Monday, October 31, 2005 at 11 am
Speaker: Professor Hua Yun Chen, Department of Epidemiology & Biostatistics, University of Illinois at Chicago
Title: Approximation to locally semiparametric efficient scores in missing data problems through likelihood robustification
Abstract: In parametric/semiparametric models with missing data, the efficient estimator often cannot be obtained without additional model assumptions even if the efficient estimator has a simple form when no missing data are involved. Robins et al. proposed to find the locally efficient estimator as a compromise and showed that the locally efficient estimator have the doubly robust property when the missing data are missing at random in Rubin's sense. In practice, the approach proposed by Robins et al. to finding a locally efficient estimator can be very challenge to implement. We propose an alternative representation of the efficient score through likelihood robustification. The proposed representation is straightforward to obtain, can be applied to missing data with arbitrary missing patterns, and is amenable to computing the locally efficient score. The estimator based on the proposed representation has the doubly robust property when missing data are MAR, and only requires correct specification of the missing data mechanism model for consistency when missing data are nonignorable. Estimation and inferences on the parameters are proposed. Applications of the proposed method are illustrated by examples. The performance of the approach is examined by a simulation study.
Monday, November 14, 2005 at 11 am
Dr. Guei-Feng (Cindy) Tsai, Department of Statistics, Northwestern University
Title: Semi-nonparametric Models and Inference for High Dimensional Microarray Data
Abstract: We develop a new approach to analyze high dimensional cell-cycle microarray data with no replicates. There are two kinds of correlations for cell-cycle microarray data. Measurements are correlated within a gene, and measurements are also correlated between genes since some genes may be biologically related. The proposed procedure combines a classification method, the quadratic inference function method and nonparametric techniques for complex high dimensional data.
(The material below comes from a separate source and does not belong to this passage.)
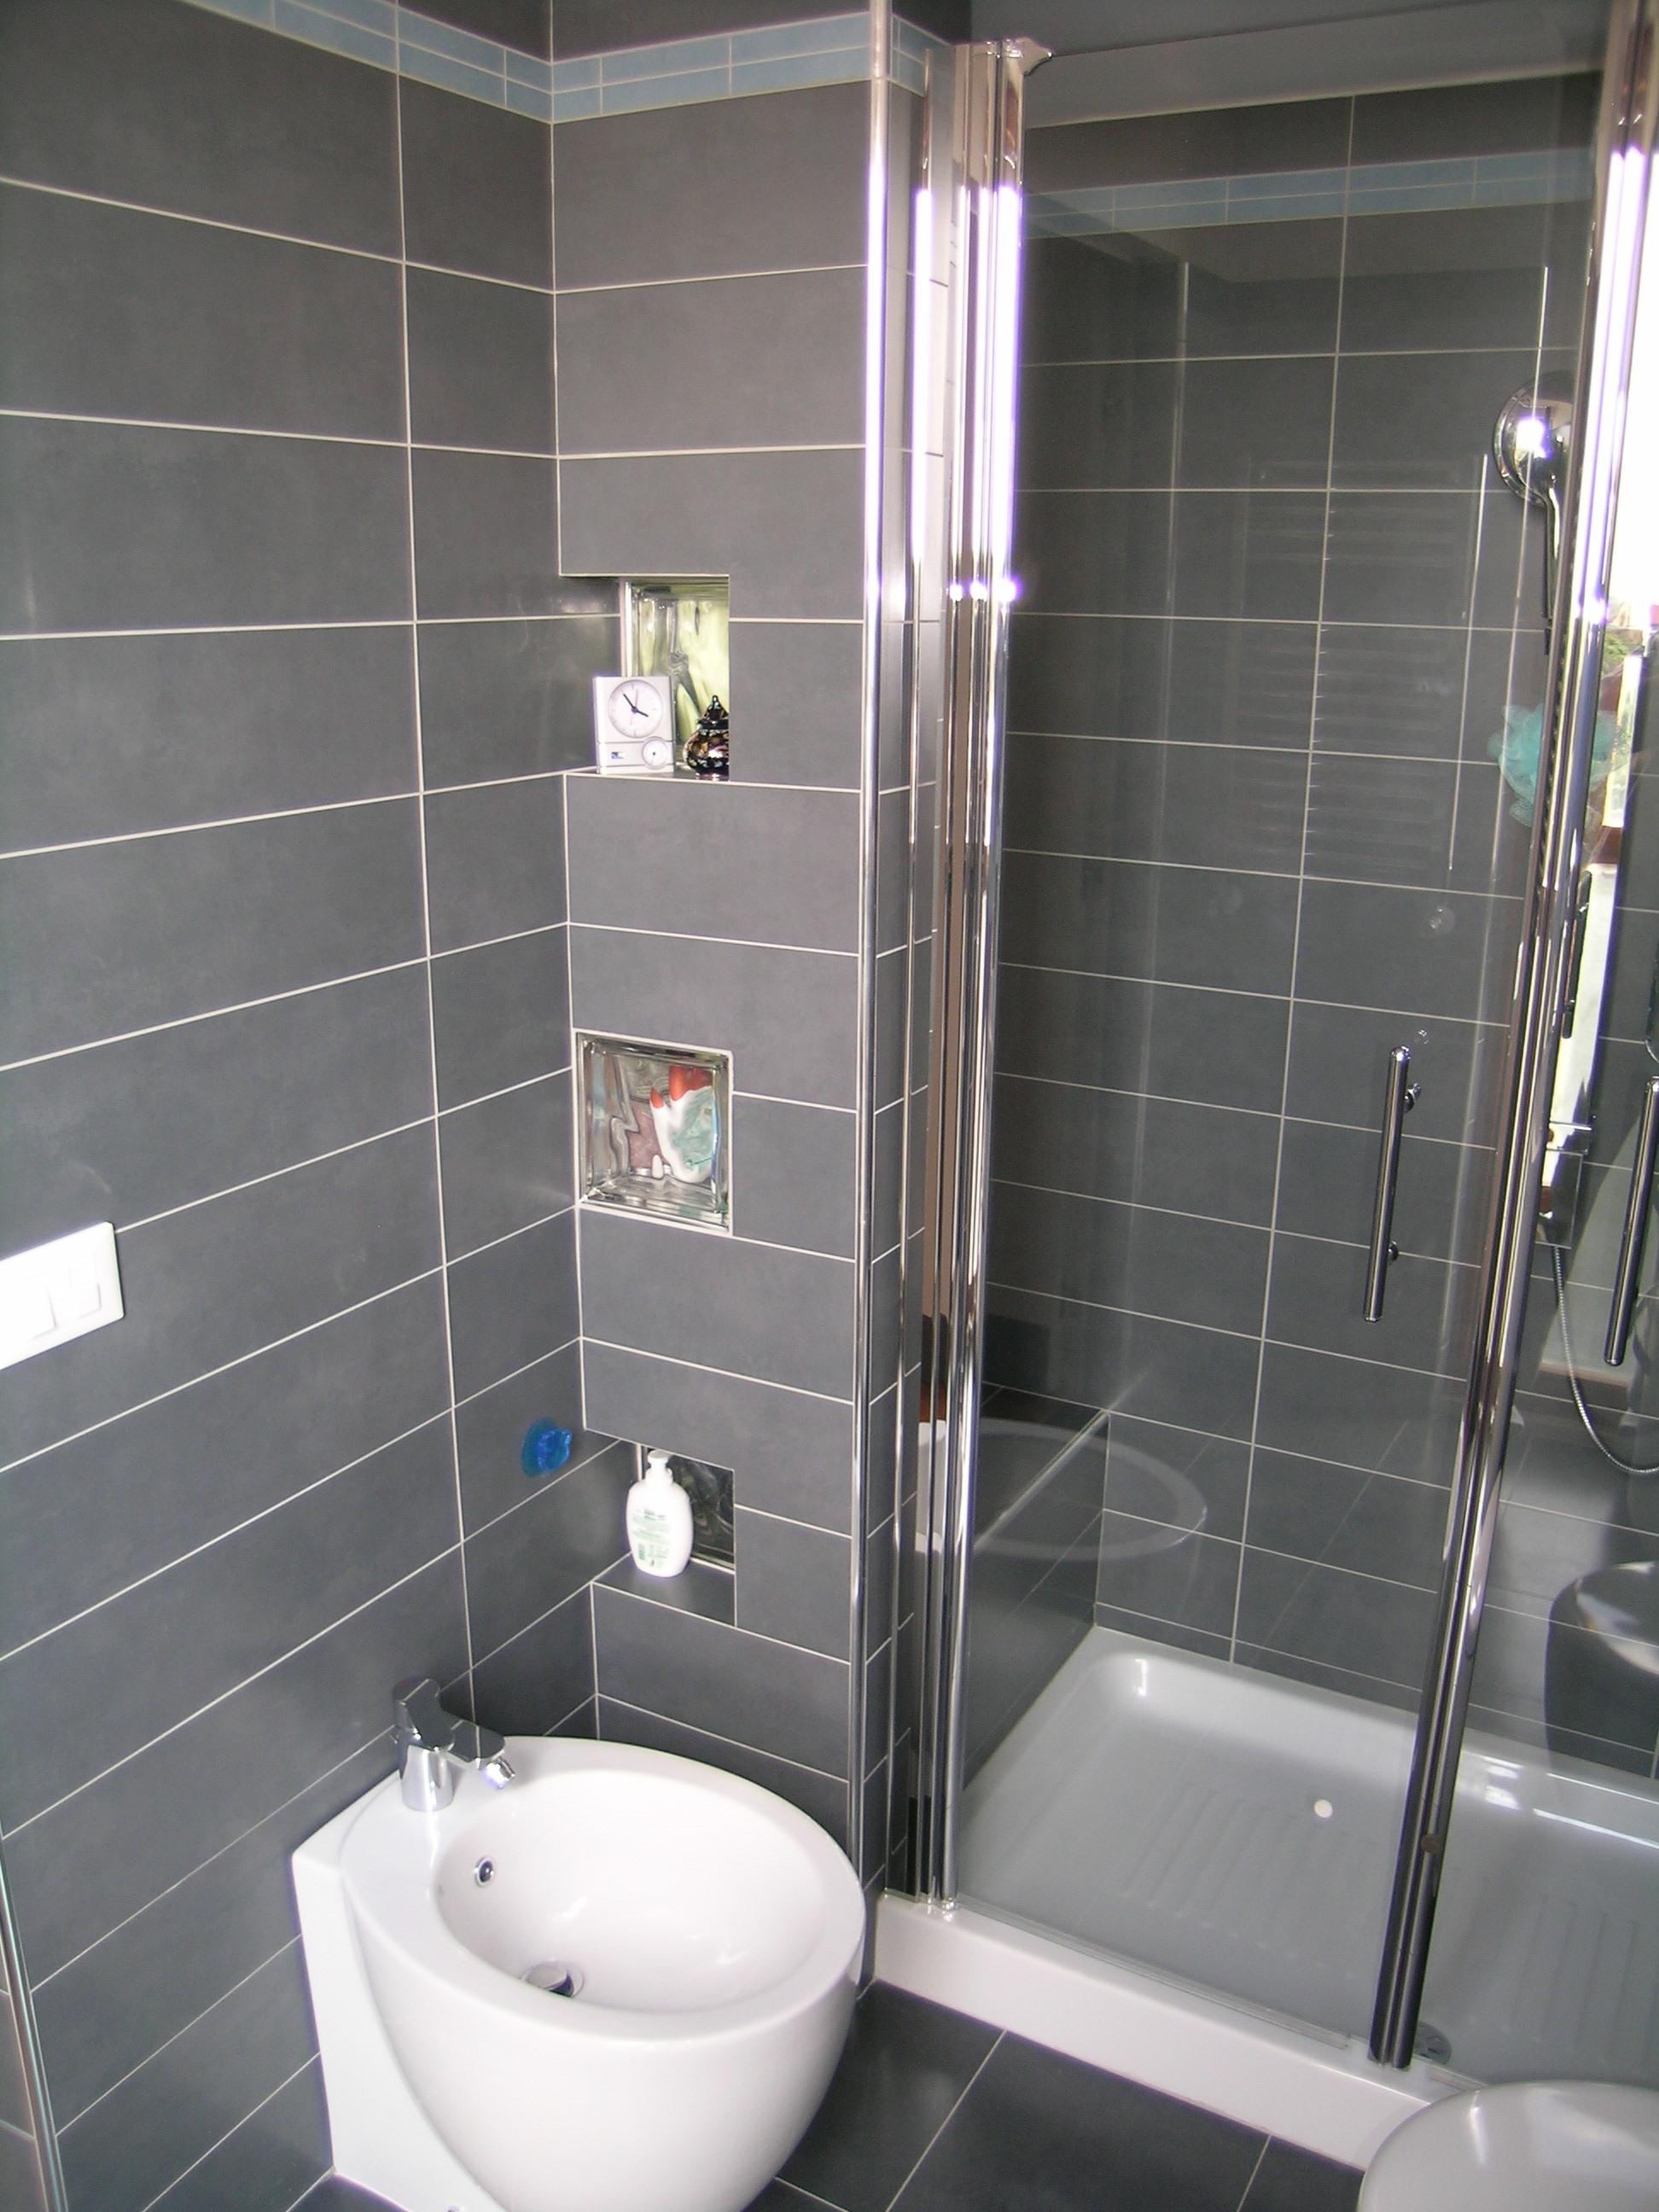 Portfolio giuggiolini luca architettura for Box doccia in muratura foto

We first perform a gene classifying analysis to classify genes into classes with similar cell-cycle patterns, including a class with no cell-cycle phenomena at all. We use genes within the same class as pseudo-replicates to build nonparametric models and inference functions. In order to incorporate correlation of longitudinal measurements, the quadratic inference function method is also applied. This approach allows us to perform chi-squared tests for testing whether the coefficients are time varying or not. This also allows us to determine whether certain genes regulate cell cycles. A real data example on cell-cycle microarray data as well as simulations are illustrated.
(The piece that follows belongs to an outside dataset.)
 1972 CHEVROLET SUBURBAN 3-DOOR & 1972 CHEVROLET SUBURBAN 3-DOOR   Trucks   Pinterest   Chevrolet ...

Friday, December 9, 2005 at 11 am
Speaker: Dr. Alex Dmitrienko, Eli Lilly
Title: Branching tests in clinical trials with multiple objectives
Abstract: This talk discusses branching multiple tests with clinical trial applications. Branching tests arise in clinical trials with hierarchically ordered multiple objectives, for example, in the context of multiple dose-control tests with logical restrictions or analysis of multiple endpoints. The proposed branching approach is based on the principle of closed testing and generalizes the serial and parallel gatekeeping approaches. The branching testing methodology will be illustrated using a clinical trial with multiple endpoints (primary, secondary and tertiary) and multiple objectives (superiority and non-inferiority testing) as well as a dose-finding trial with multiple endpoints.